今回、マヤヤのパワーレベリング途中でオーガ系装備を作成しようと思ったのも、現在使っているレア金属製の重装鎧よりは軽く、しかも防御性能は上がるといった良いことずくめの公開データを、“改めて”知った故である。
最初にその情報を知ったのは、クエストを受けて燃えに燃えてた始めも始めの頃。そして挫けて、改めて確認した五年後の今日の情報。過去のバージョンアップの何処かで仕様変更があったのか、現在でも最強装備に近いデータとして内容が変更されていたのであった。しかも、軽く使用者の情報を集めようとしたら、未だ誰一人として、オーガ系装備を所持していると公言するプレイヤーはいなかった。
装備作成に必要な素材が、入手難易度や必要個数を含めて尋常じゃあないとはいえ、そこまでとは予想していなかったトキヤだ。

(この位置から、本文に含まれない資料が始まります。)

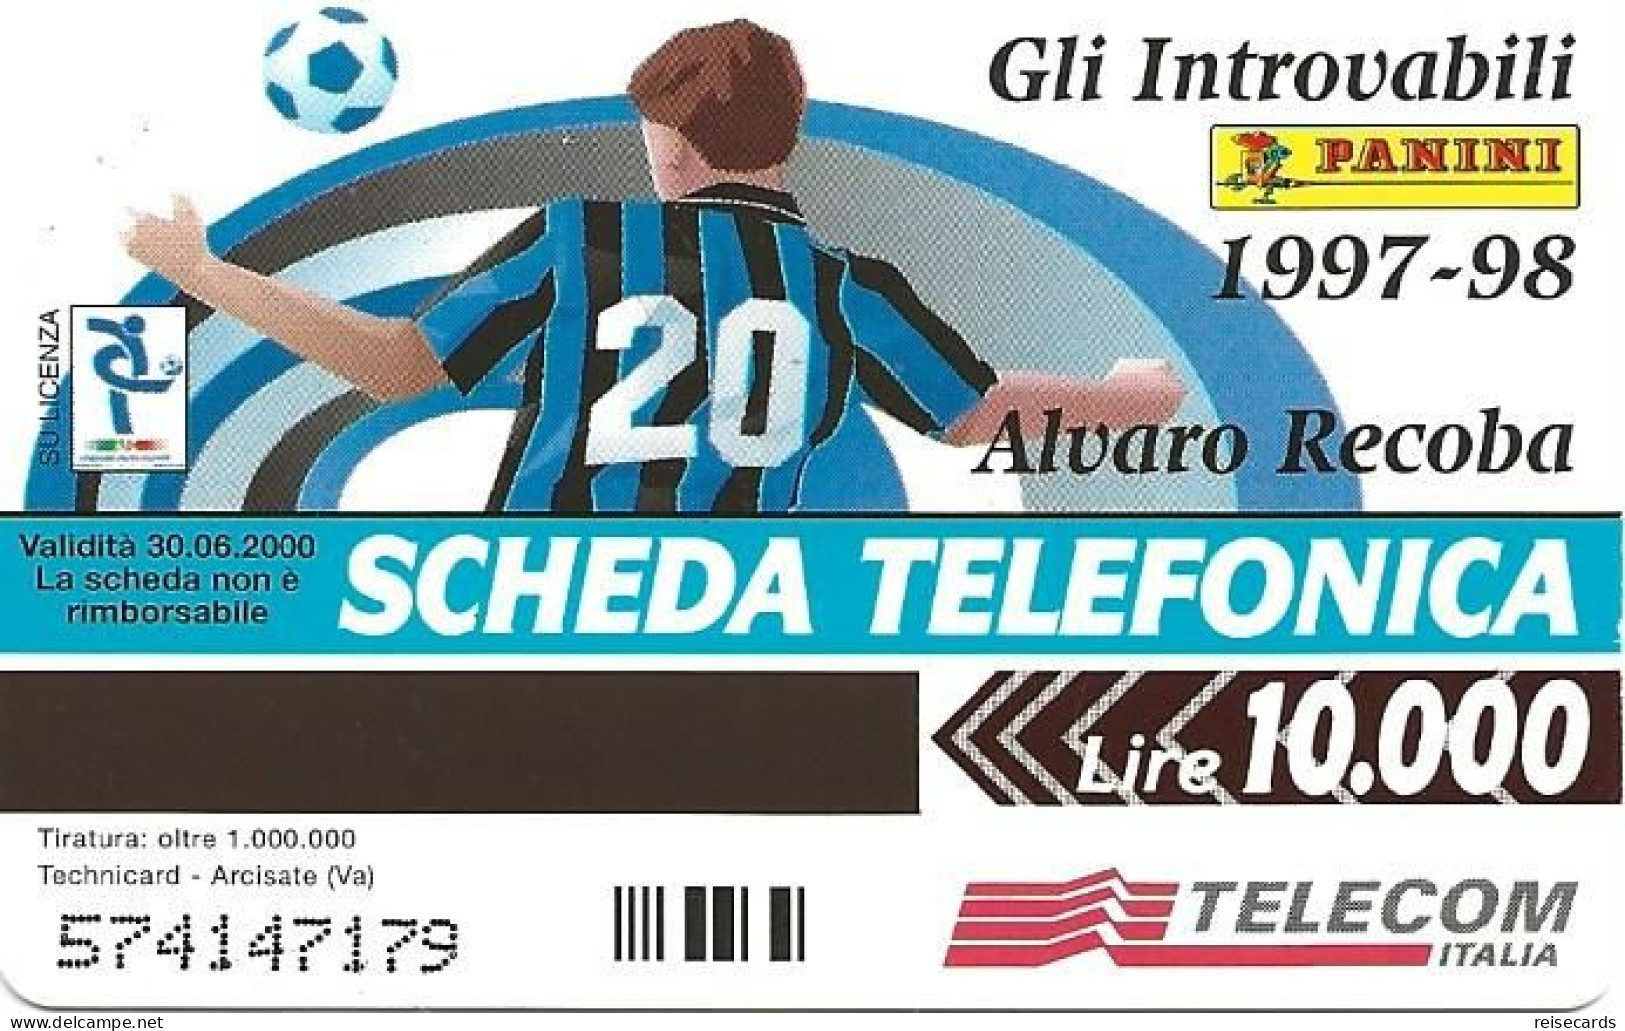 Italy: Telecom Italia - Panini, Alvaro Recoba, Inter - Public Advertising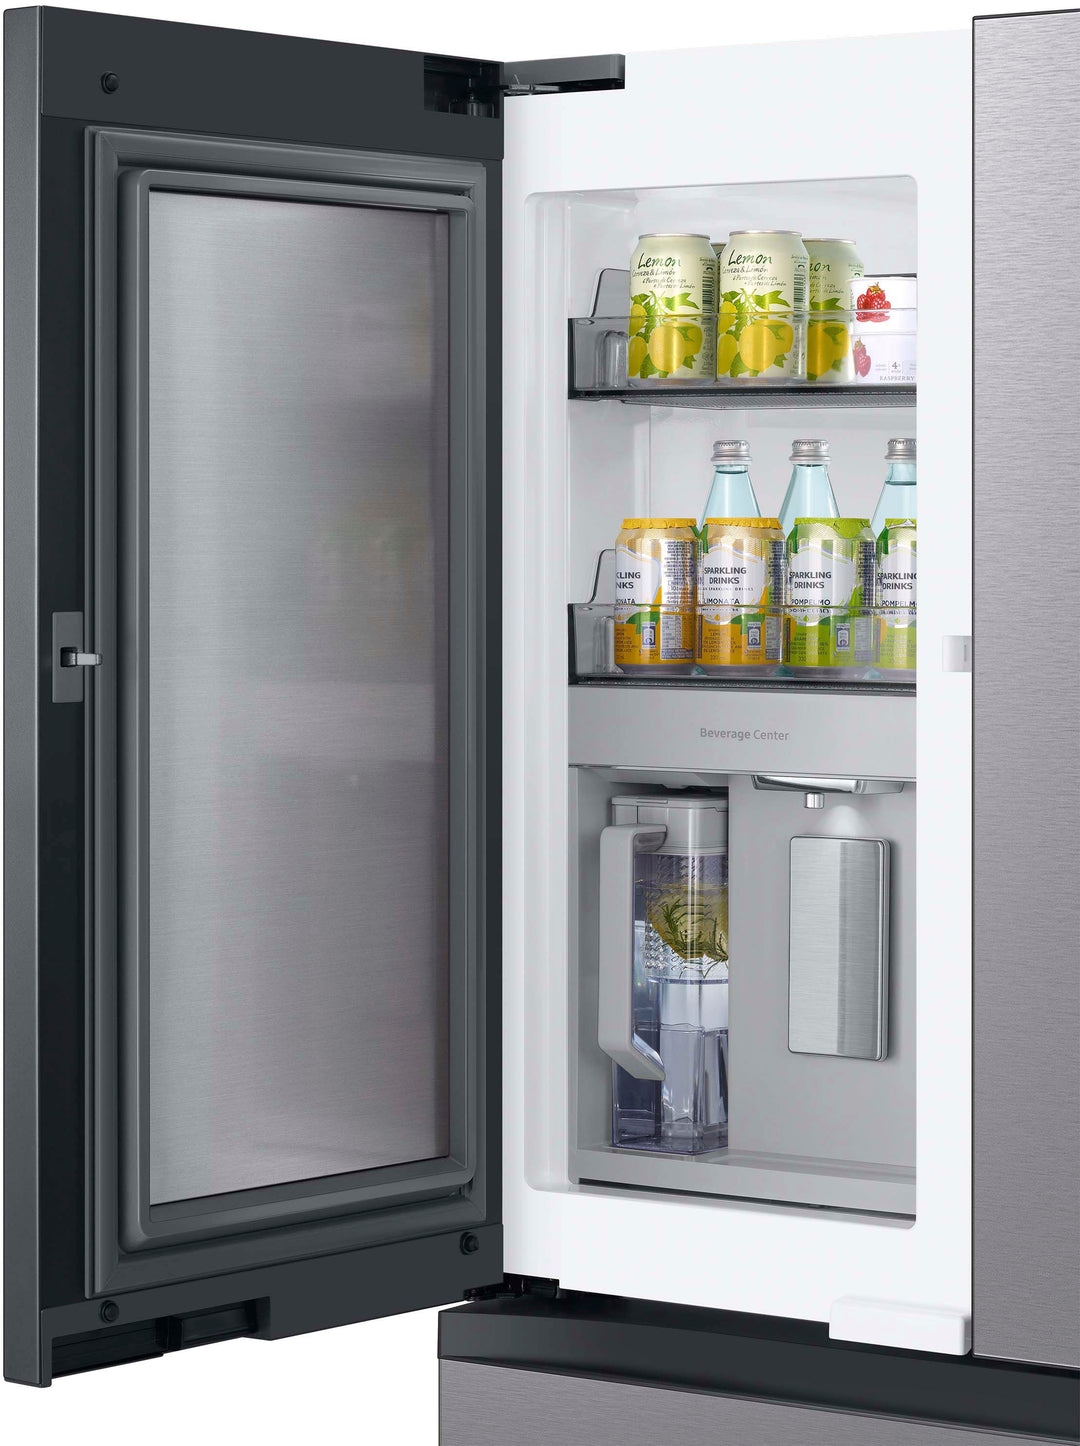 Samsung - Bespoke 23 cu. ft. Counter Depth 4-Door French Door Refrigerator with Beverage Center - Stainless steel_11

「『鬼の心玉』、レアドロップ過ぎて、本当に集まんなかったものなあ」
クエストを受けた最初の頃の一ヶ月間、素で“心玉”と“心臓”を読み間違え、普通にドロップする『鬼の腑』のカテゴリーでの心臓を可能な限り集めまくった。666個の必要個数まで後百個という時、ふと、ようく目を凝らして確認し誤読に気づいた。そして一週間は落ち込んだ。そういう曰わくもある素材である。
マヤヤのパワーレベリングを始めて、最初のオーガから“心玉”が2個ドロップし、クエストを思い出すと同時に『ラッキー』と喜んだ。ストレージの心玉の数は498個。これは『ついでに少し集まればいいか』と、そんな余裕の気分でいたのだが、意外にも異様なペースでドロップするようになっていた。昔の記憶ならば一日中狩っても3~4個のペースが、今日に限ってはオーガ一体から最低1個、多ければ4個もドロップし続けたのである。
フリーでドロップするならばパーティーメンバーでランダムに割り振られるのだろうが、鬼の心玉に限ってはオーガ装備のクエストを受けてない者にはドロップすらしない。同じジョブであるイワオがクエストを受けていたのなら、トキヤ同様にドロップしたのかもしれないが、このてのドロップは当人にしか確認インフォメーションが流れないので確認しようがない。
逆に言えば、トキヤがこの素材を集めているのも仲間は知らないだろう。可能性のあるイワオを除き、であるが。
ともかく、今日倒したオーガが92体。ドロップした心玉は268個。あっという間にノルマを達成してしまい、これまでの長かった苦労は何だったのかと、過去のトキヤ自身に問いたい気分なのてあった。
そんな複雑な心境で、五年ぶりにクエストを受けたドワーフの店の暖簾をくぐる。
「おう、トキヤか。どうだ! 見事素材は集められたか!?」
さすがNPC、そんな長期の放置プレイも関係なく、つい昨日、クエストを発注したかのように『オーガ装備』の流れを再開した。
「この街の連中は“ステンレス”だ“ミスリル”だ“デーヤモンド”だと鉱物素材じゃなきゃあ武器じゃねえみてえにほえるがよ、ワシに言わせりゃ、んなもん小せえ事に拘るだけの皺ばっかり多い縮みフ●リみてえな馬鹿共の──」
長々と装備の蘊蓄とハブられ愚痴をたれるドワーフ店主を余所に、すっかり忘れてしまった過去のクエストログを確認するトキヤである。
「えっ!?」
そして、仕様変更に伴い、微妙に変更されていたクエスト内容に、少々唖然とするのであった。